Task to complete → With the line containing "Appartamento - Bilocale" as the start and the line containing "HD Ocean Sea" as the end, transcribe that span of the entries below exactly, including both.

Supplied records →

════════════════

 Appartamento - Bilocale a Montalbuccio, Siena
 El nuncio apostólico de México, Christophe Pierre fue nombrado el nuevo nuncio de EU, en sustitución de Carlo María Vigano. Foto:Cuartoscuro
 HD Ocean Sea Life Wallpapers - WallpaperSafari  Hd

════════════════

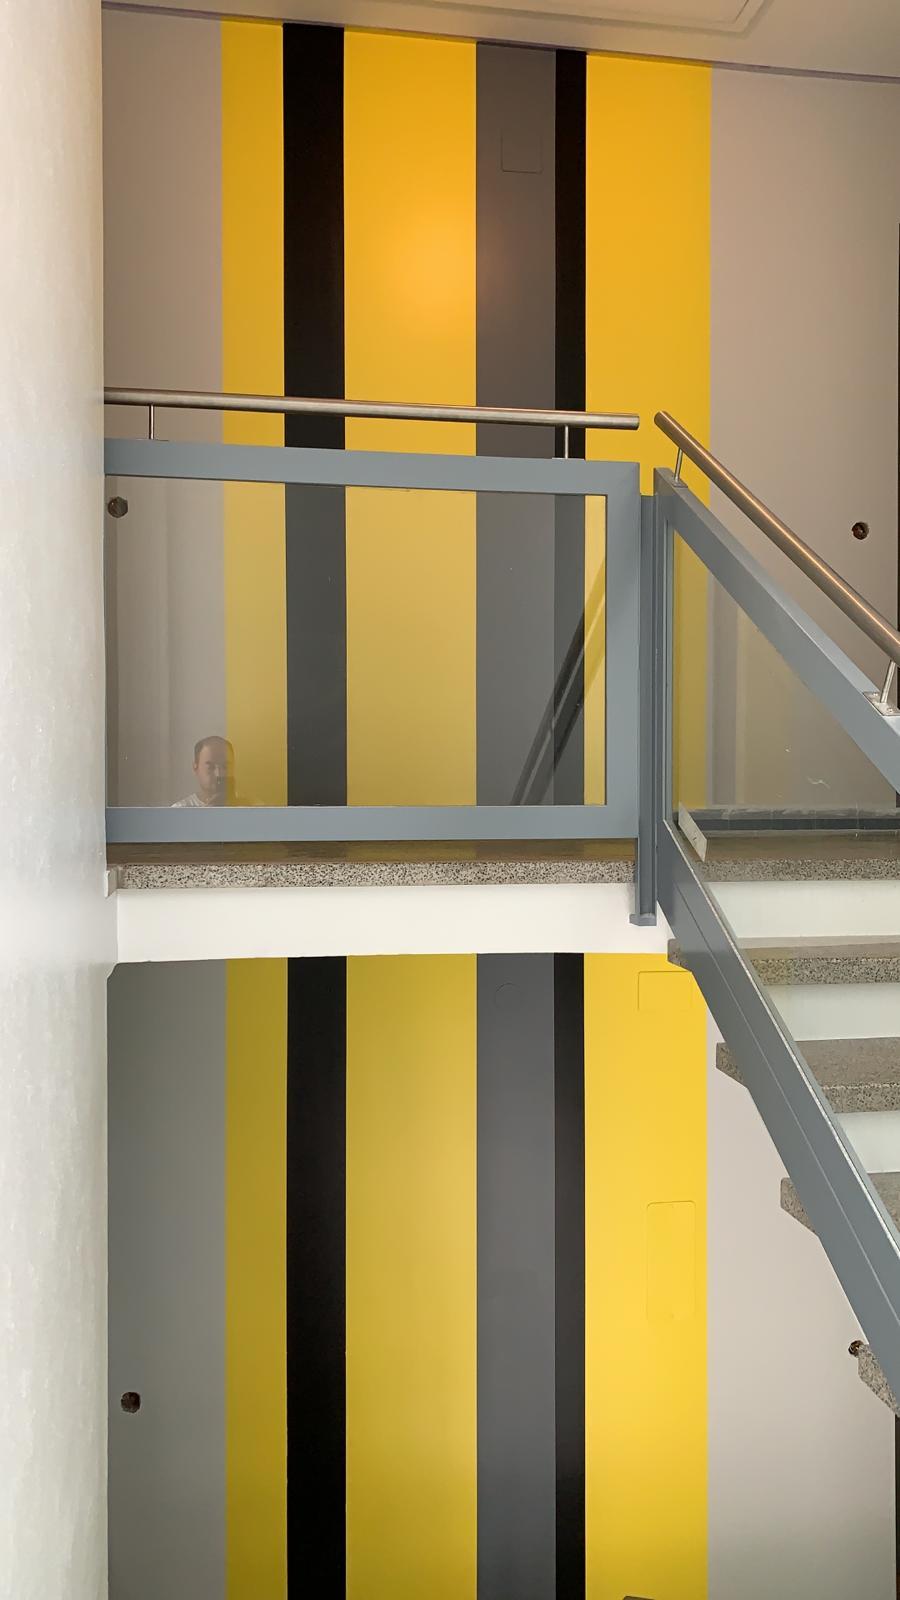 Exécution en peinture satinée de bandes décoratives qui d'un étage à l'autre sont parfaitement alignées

════════════════

Reply →
 Appartamento - Bilocale a Montalbuccio, Siena
 El nuncio apostólico de México, Christophe Pierre fue nombrado el nuevo nuncio de EU, en sustitución de Carlo María Vigano. Foto:Cuartoscuro
 HD Ocean Sea Life Wallpapers - WallpaperSafari  Hd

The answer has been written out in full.